Translating Kim Hyesoon: Cindy Juyoung Ok and Jack Saebyok Jung with R. O. Kwon
Doors: 6:00 pm PST
Event will begin at 6:30 pm PST
The Center for the Art of Translation and Local Economy, Oakland’s new community resilience hub, co-present a reading from two new translations of the work of the Korean poet Kim Hyesoon.
Cindy Juyoung Ok reads her translation of The Hell of That Star(opens in a new tab) (Wesleyan University Press) and Jack Saebyok Jung reads from his forthcoming translation of Lady No(opens in a new tab) (HarperCollins, April 2026). A conversation moderated by R. O. Kwon will follow the readings. Books will be available for purchase and preorder from East Bay Booksellers. Free registration is required for admittance.
About The Hell of That Star
The astonishing poetry collection The Hell of That Star enlivens the horror of Korean life under U.S.-backed authoritarianism. Poems of blows and vomit, births and coffins alternate blithe confidence and trembling terror. When slapped seven times by a government censor, Kim responded with defiant poems. The death of language becomes a death of the writer; within death, Kim finds new life in fragmentation and reorientation. This singular volume provides a wild and rigorous study of the words of the nation-state and the self, as well as the deprivations, detainments, and surprises in between. In evading censorship, Kim’s poems question, twist, and transmute; language is a site where the personal and political meet to escape containment, emptiness, and domestication.
About Lady No
In March 2014, Kim Hyesoon, the grand dame of contemporary Korean poetry, began to post anonymously on the online blog of Munhakdongne, a major South Korean publisher. Rather than use her own name, Kim Hyesoon’s chosen persona for these blog posts was Lady No. Fittingly, Lady No’s writings are dissenting, combative, subversive, and ontologically feminine; formally, they defy any attempt at easy categorization. They are neither poems, nor are they prose, but a radical innovation Kim calls shisanmun—an ungovernable style that heralds her internationally acclaimed works Autobiography of Death and Phantom Pain Wings.
About Kim Hyesoon
Kim Hyesoon is one of the most prominent and influential poets of South Korea. She is the first woman poet to receive the prestigious Kim Su-yeong Literary Award and Midang Literary Award, and her work has since been translated around the world. Among many other honors, she is a winner of the Griffin Poetry Prize in 2019 and was the first foreign laureate to win the National Book Critics Circle Award for Poetry, in 2023. Her poetry collection Phantom Pain Wings, translated by Don Mee Choi, was named poetry book of the year in 2023 by The New York Times, Washington Post, and The Poetry Society.
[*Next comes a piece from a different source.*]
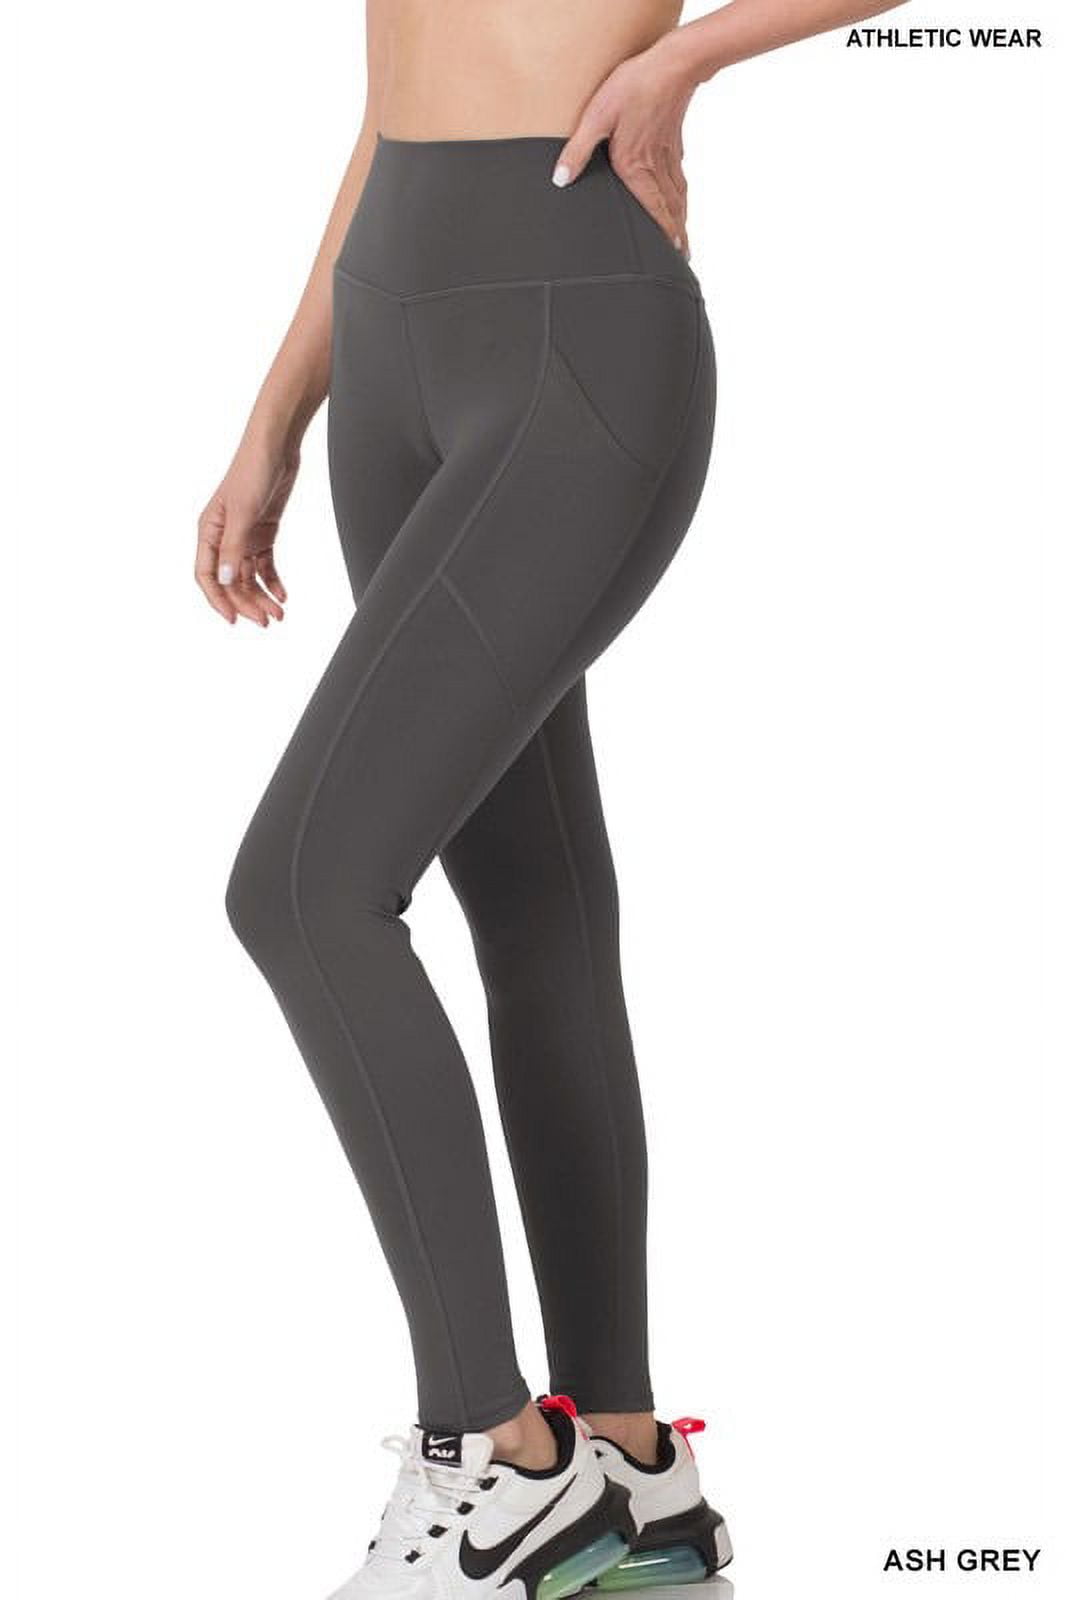 Slimming Athletic Leggings With Pockets, Women's Yoga Pants, Non See  Through, Gray, Size Small

Cindy Juyoung Ok is the author of Ward Toward, a finalist for the LA Times Book Prize, Maya Angelou Award, and National Book Critics Circle John Leonard Prize, and the translator of The Hell of That Star by Kim Hyesoon. A former high school physics teacher, she is now an assistant English professor.
Jack Saebyok Jung is a 2024 National Endowment for the Arts Translation Fellow and the author of Hocus Pocus Bogus Locus (Black Square Editions, 2025). A Truman Capote Fellow at the Iowa Writers’ Workshop, he co-translated Yi Sang: Selected Works (Wave Books, 2020), winner of the MLA’s Aldo and Jeanne Scaglione Prize for a Translation of a Literary Work. His next book of translation is Kim Hyesoon’s Lady No from Ecco. He teaches at Davidson College.
R. O. Kwon is the author of the nationally bestselling novel Exhibit, a New York Times Editors’ Choice and a recipient of the Lambda Literary Duggins Prize. Kwon’s bestselling first novel, The Incendiaries, was a finalist for the National Book Critics Circle John Leonard Award and the Los Angeles Times Art Seidenbaum Prize. Kwon coedited the bestselling Kink. Kwon’s books have been translated into seven languages and named a best book of the year by over forty publications. Kwon is a 2025-2026 Visiting Fellow at the American Library in Paris and a 2025-2026 Distinguished Visiting Writer at Saint Mary’s College. She has received fellowships from the National Endowment for the Arts, MacDowell, and Yaddo. Born in Seoul, Kwon has lived most of her life in the United States.